Mendeleev has jazz nights on Thursdays and dancing on Fridays and Saturdays.

Oldich Dress & Drink (11 Ulitsa Bolshaya Dmitrovka, +7-499-951-7993) is also in the basement, but of a rather overpriced vintage clothing shop. Oldich was the talk of the town in November when it opened. It’s right next to the Conde Nast office on Bolshaya Dmitrovka, and GQ’s editor-in-chief, Michael Idov, couldn’t stop tweeting and Facebooking about it for days. He even deejayed at the opening.

The first few parties were 100 percent exclusive. If you weren’t on the list, you could forget about it.

But when the hype somewhat died down and we finally managed to get in, all we found were several beautiful young people dancing halfheartedly to the tunes from DJ Osadchi. The interior is of macabre variety, with (hopefully fake) post-mortem masks on the wall and a creepy mannequin at the entrance.

The menu boasts some rather sophisticated cocktails and burgers. At the toilet, I ran into a completely trashed guy in a cheap suit who looked very much out of place at Oldich. He said, “Dude, whaaaaat’s up? Happy new year!” When I came back, no one was dancing anymore. The young and the beautiful were getting their coats and talking of walking to the nearby Simachev Shop & Bar.

The website for the club 12 Volts (12/2 Ulitsa Tverskaya, +7-495-933-2815) boasts a United Nations certificate as the most LGBT-friendly bar in Moscow. I wonder whether the UN is aware it’s been giving out certificates like that.

Google Maps showed the spot right off Tverskaya Ulitsa, but it took us a while to find it. We could have given up altogether if not for a couple of girls who looked like they might be heading to an LGBT kind of place.

We followed them into the dark alleyways and soon were at an unmarked entrance at the side of a building. We buzzed in and found ourselves at the top of a staircase that led to a barred door. Apparently we were deemed fit to enter and the door swung open.
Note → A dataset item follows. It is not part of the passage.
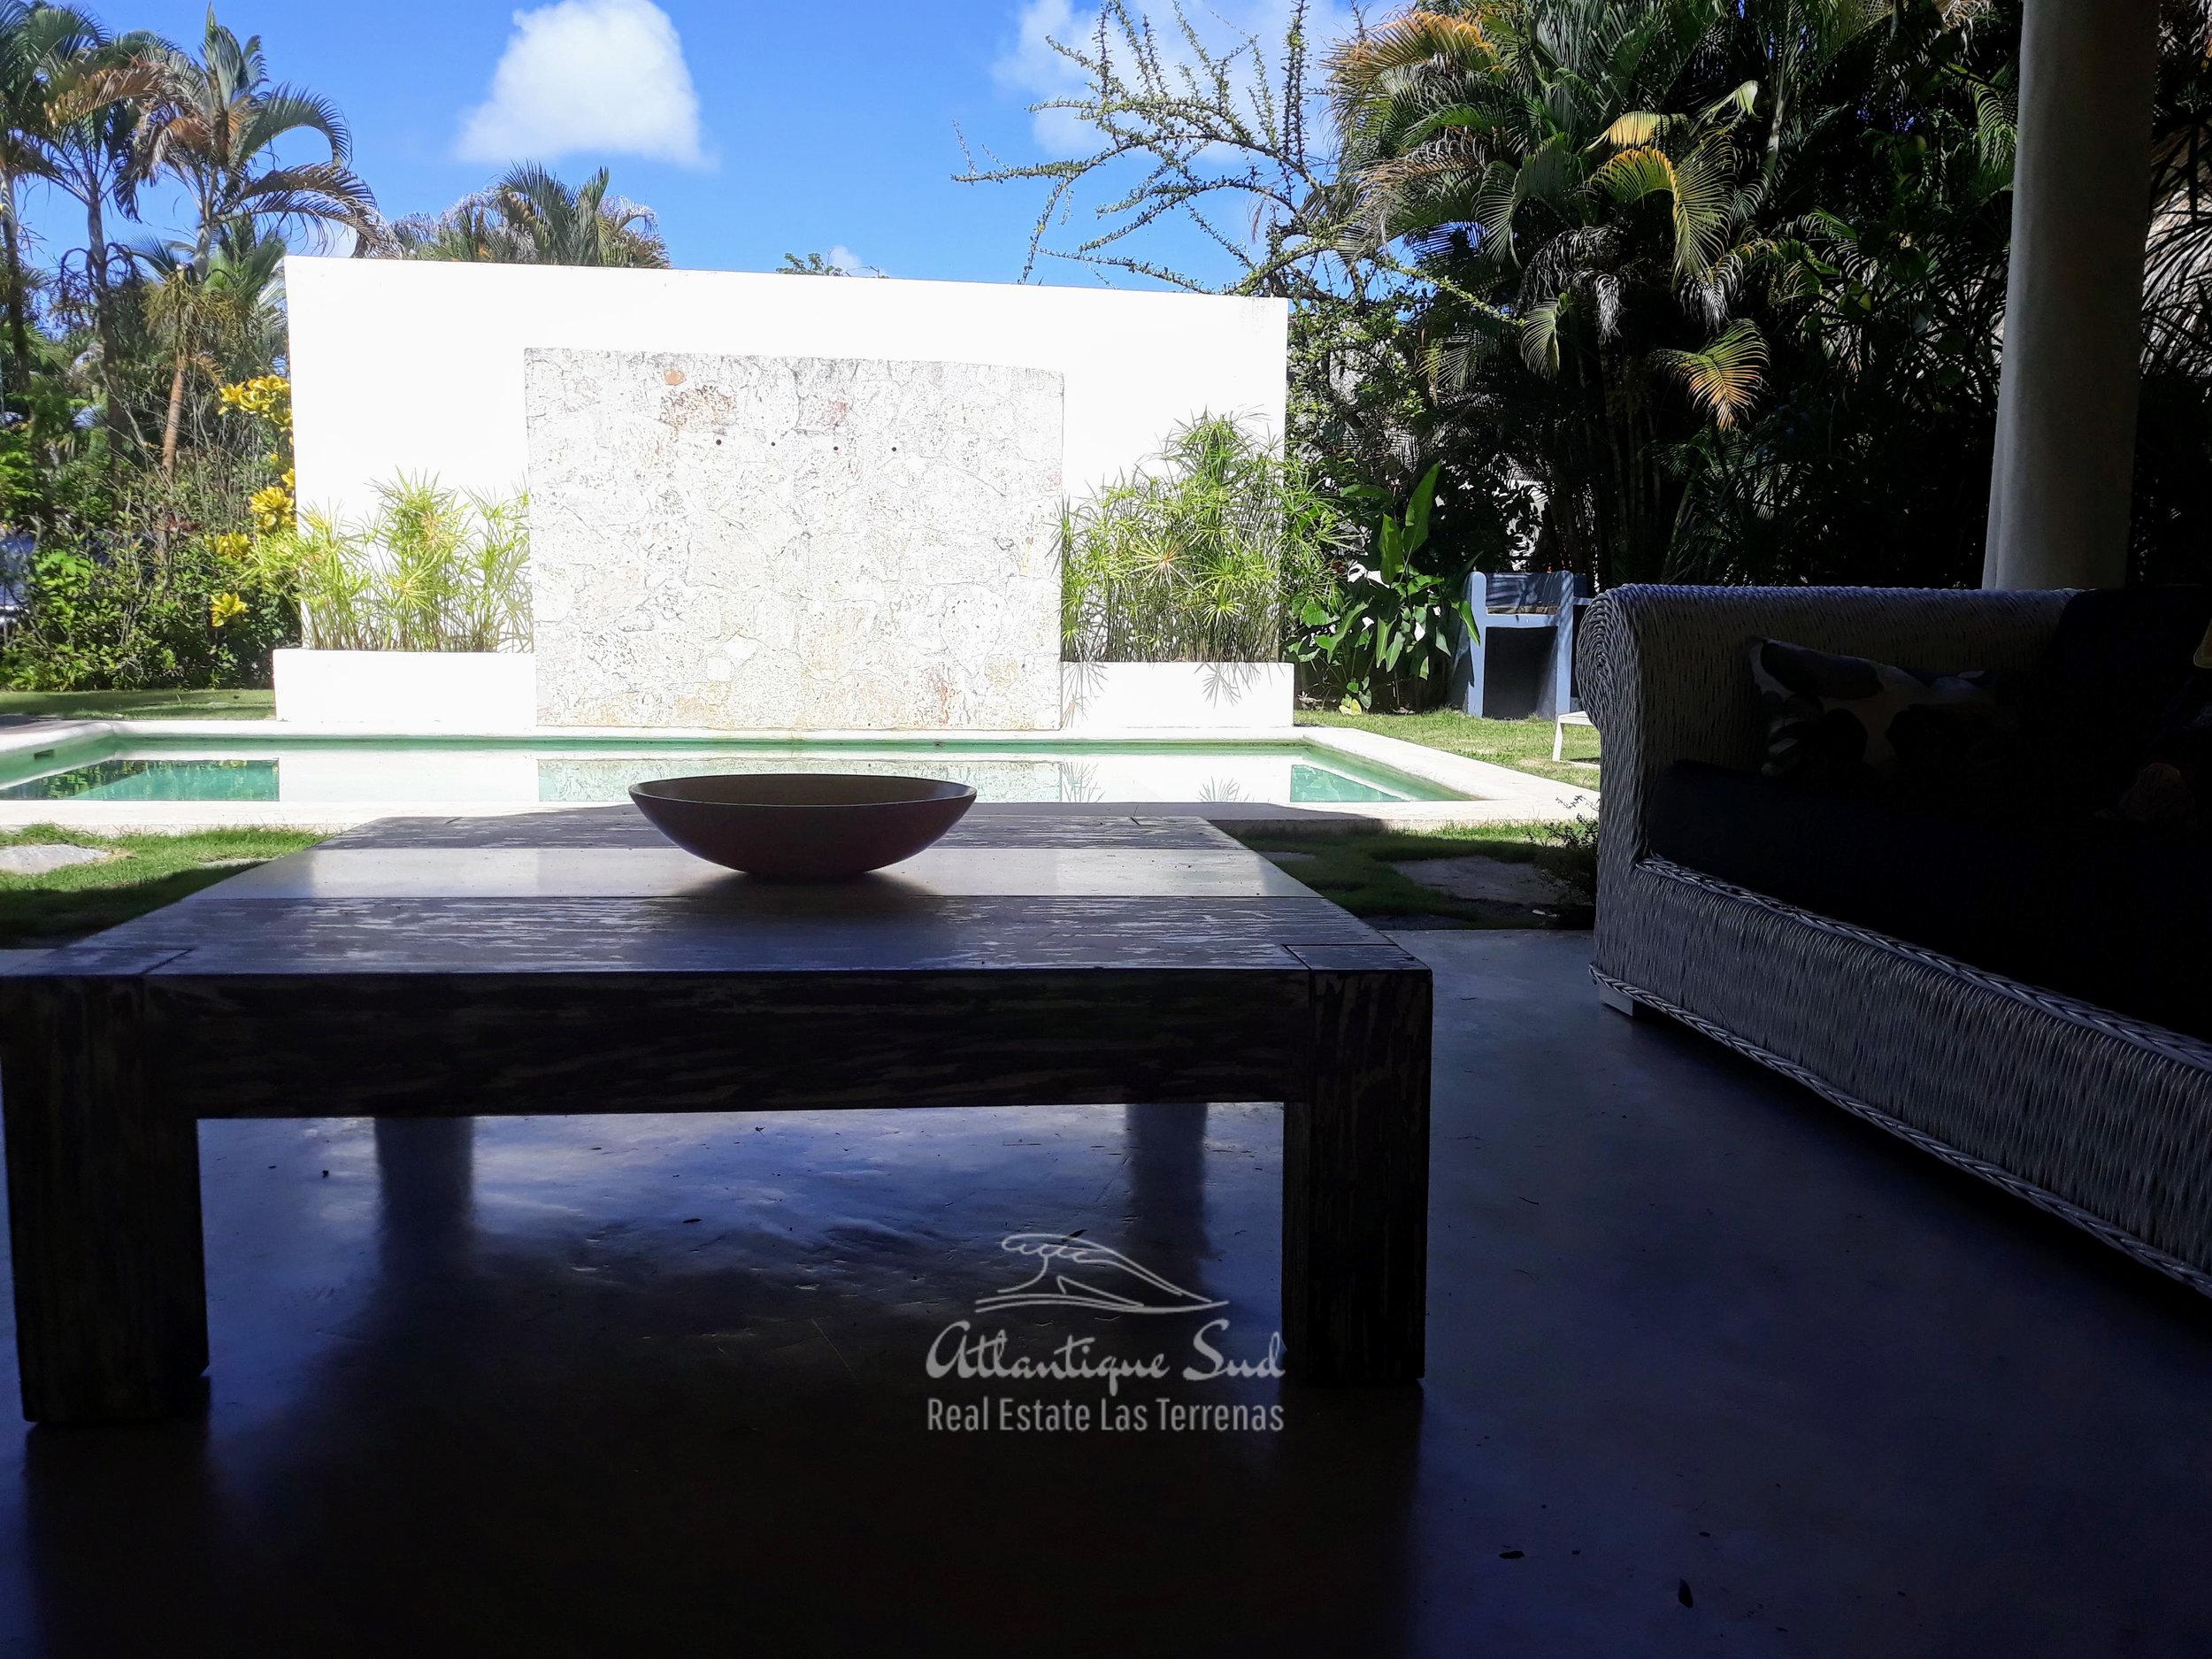 Authentic Caribbean Villa in quiet community in Real Estate Las Terrenas Atlantique Sud6.jpg
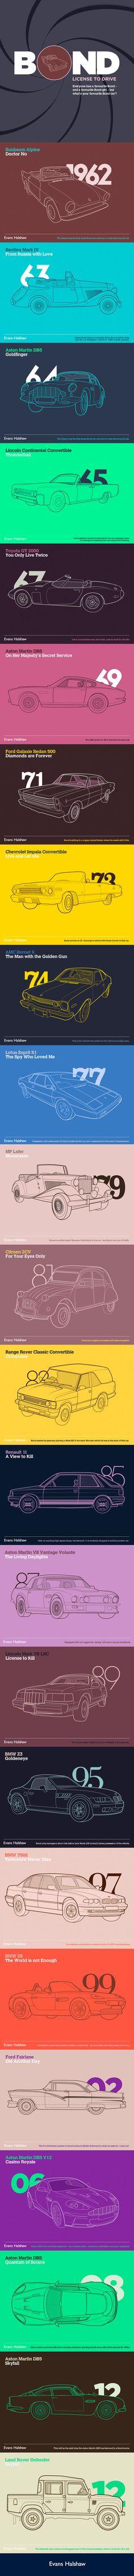 An illustrated history of James Bond's cars drive, art, james bond, automobil, bond car, 007, infographic illustration, design, jame bond

The bartender was a no-nonsense heavily tattooed woman in a leather jacket. We got Long Islands and watched the mostly gay crowd swing to a mix of Russian and Western hits from the ’90s. When we came out, we were silent for a few moments. Then I said, “That one girl who stood right next to me at the bar looked kind of cute.” My friends laughed and said: “That was most definitely not a girl.” Oh, well.